[Exercise prompt]: Output exactly, and only, the lines below from the one with "Civil Society’s Key" down to the one with "Product image from". Include both end lines and no pictures.

[Supplied records]:
*** Block opens ***

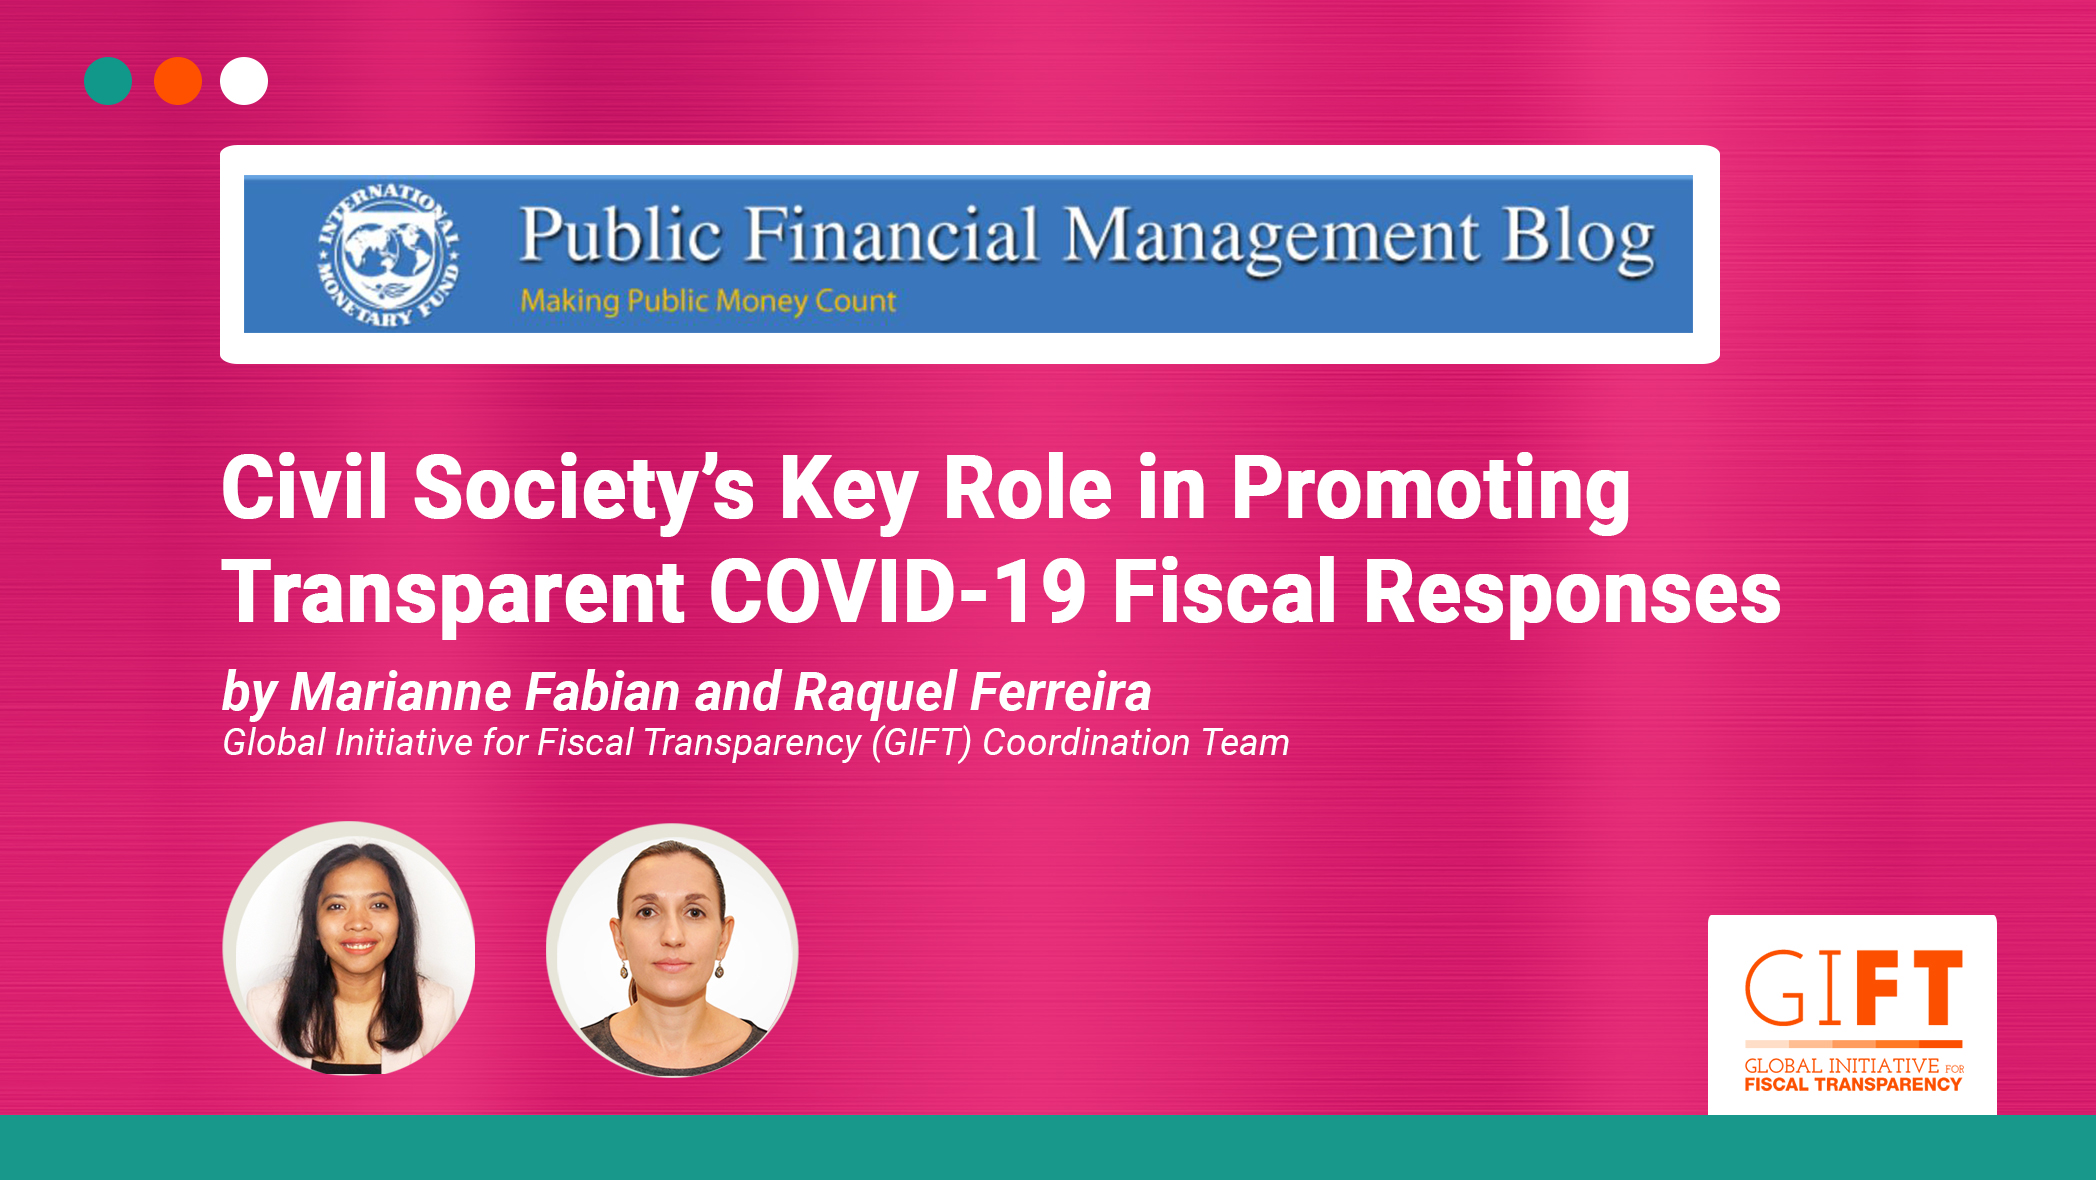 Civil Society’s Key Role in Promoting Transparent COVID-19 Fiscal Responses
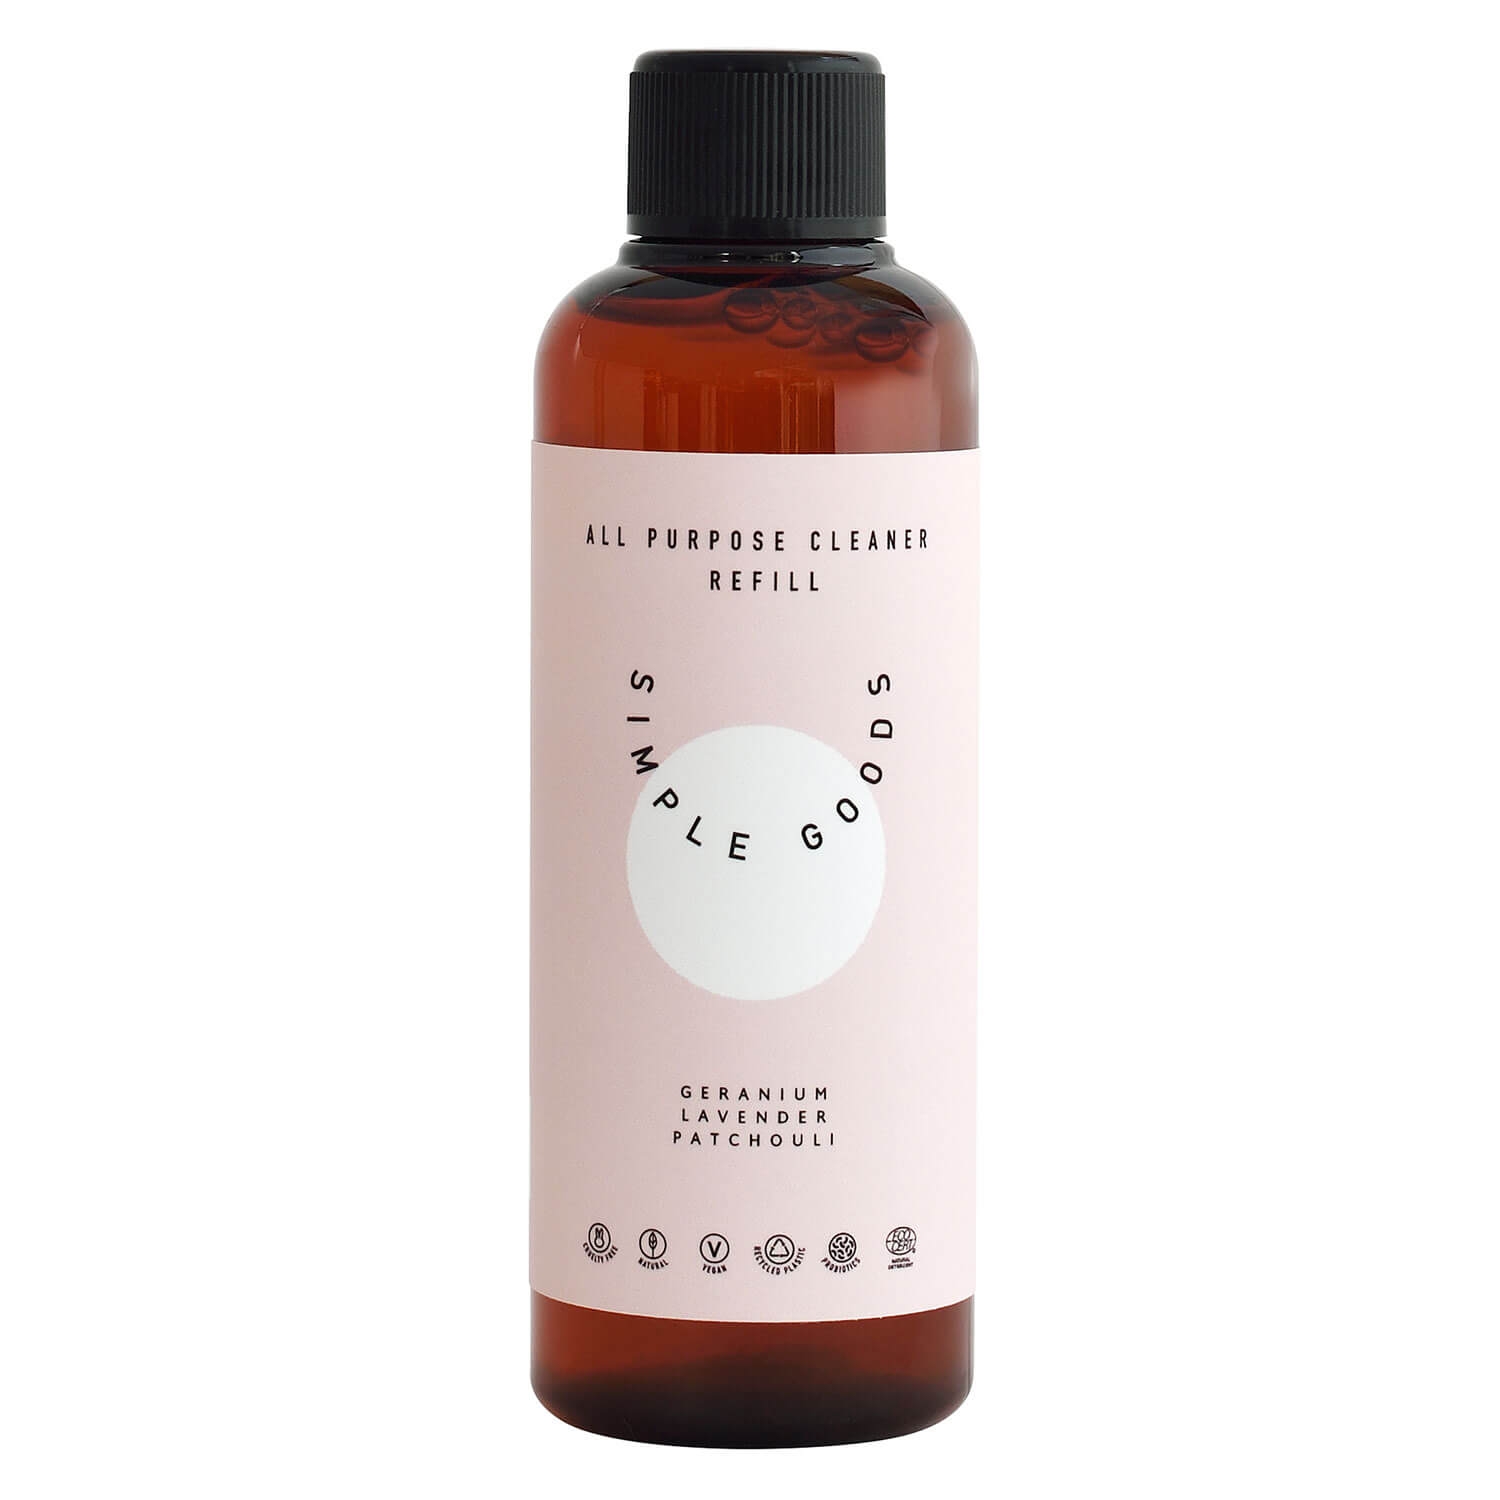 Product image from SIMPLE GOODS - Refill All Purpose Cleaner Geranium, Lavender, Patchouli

*** Block closes ***
*** Block opens ***

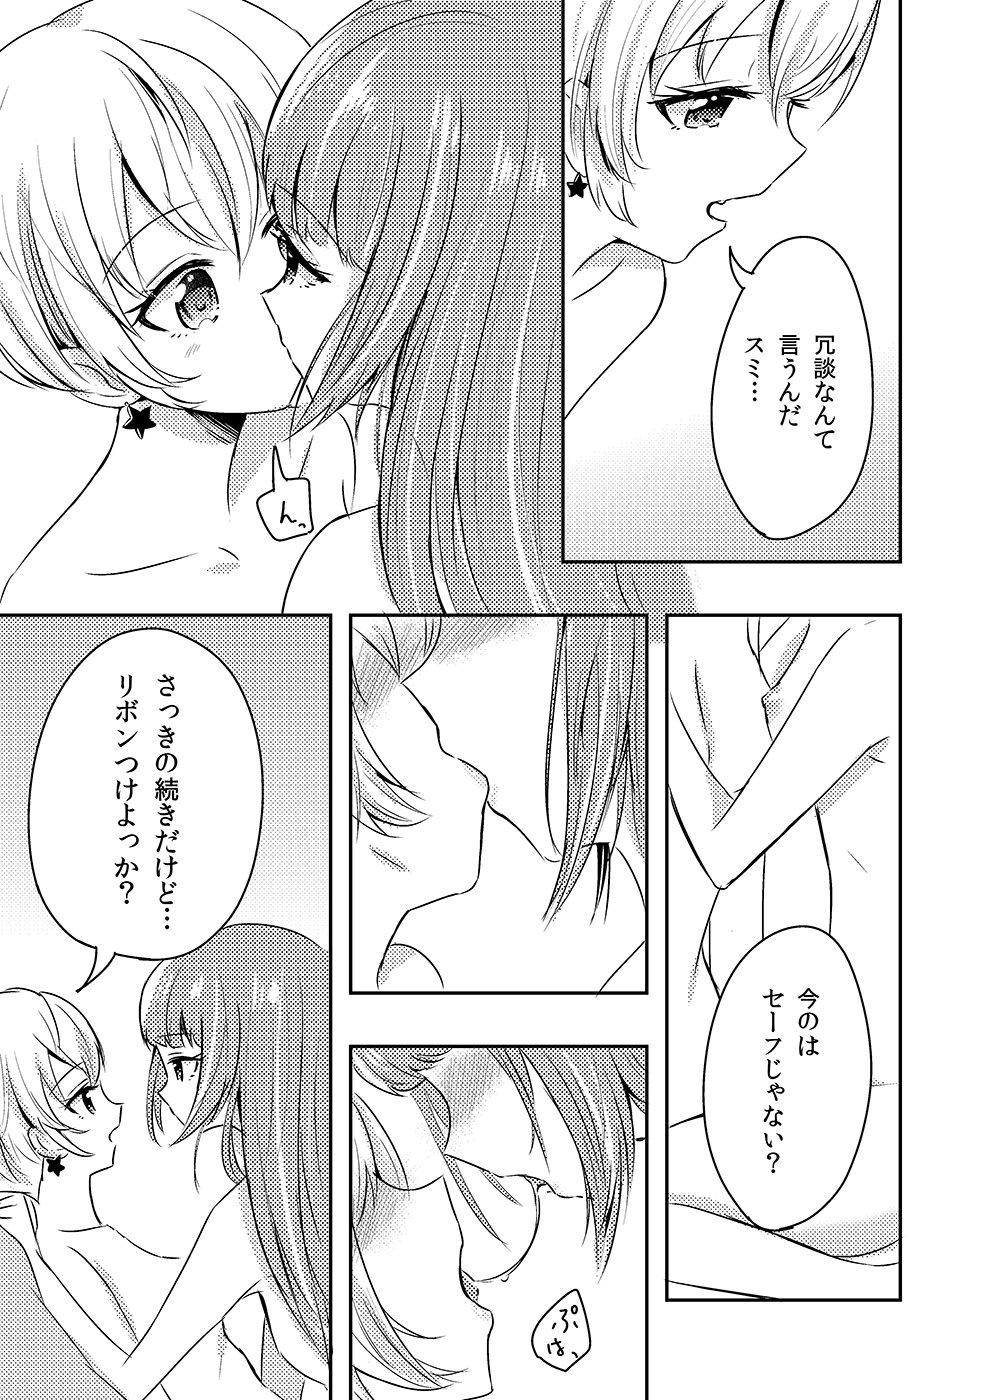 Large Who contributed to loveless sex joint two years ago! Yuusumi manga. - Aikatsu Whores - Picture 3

*** Block closes ***
*** Block opens ***

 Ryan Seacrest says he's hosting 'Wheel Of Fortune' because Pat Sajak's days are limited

*** Block closes ***

[Finished exercise]:
 Civil Society’s Key Role in Promoting Transparent COVID-19 Fiscal Responses
 Product image from SIMPLE GOODS - Refill All Purpose Cleaner Geranium, Lavender, Patchouli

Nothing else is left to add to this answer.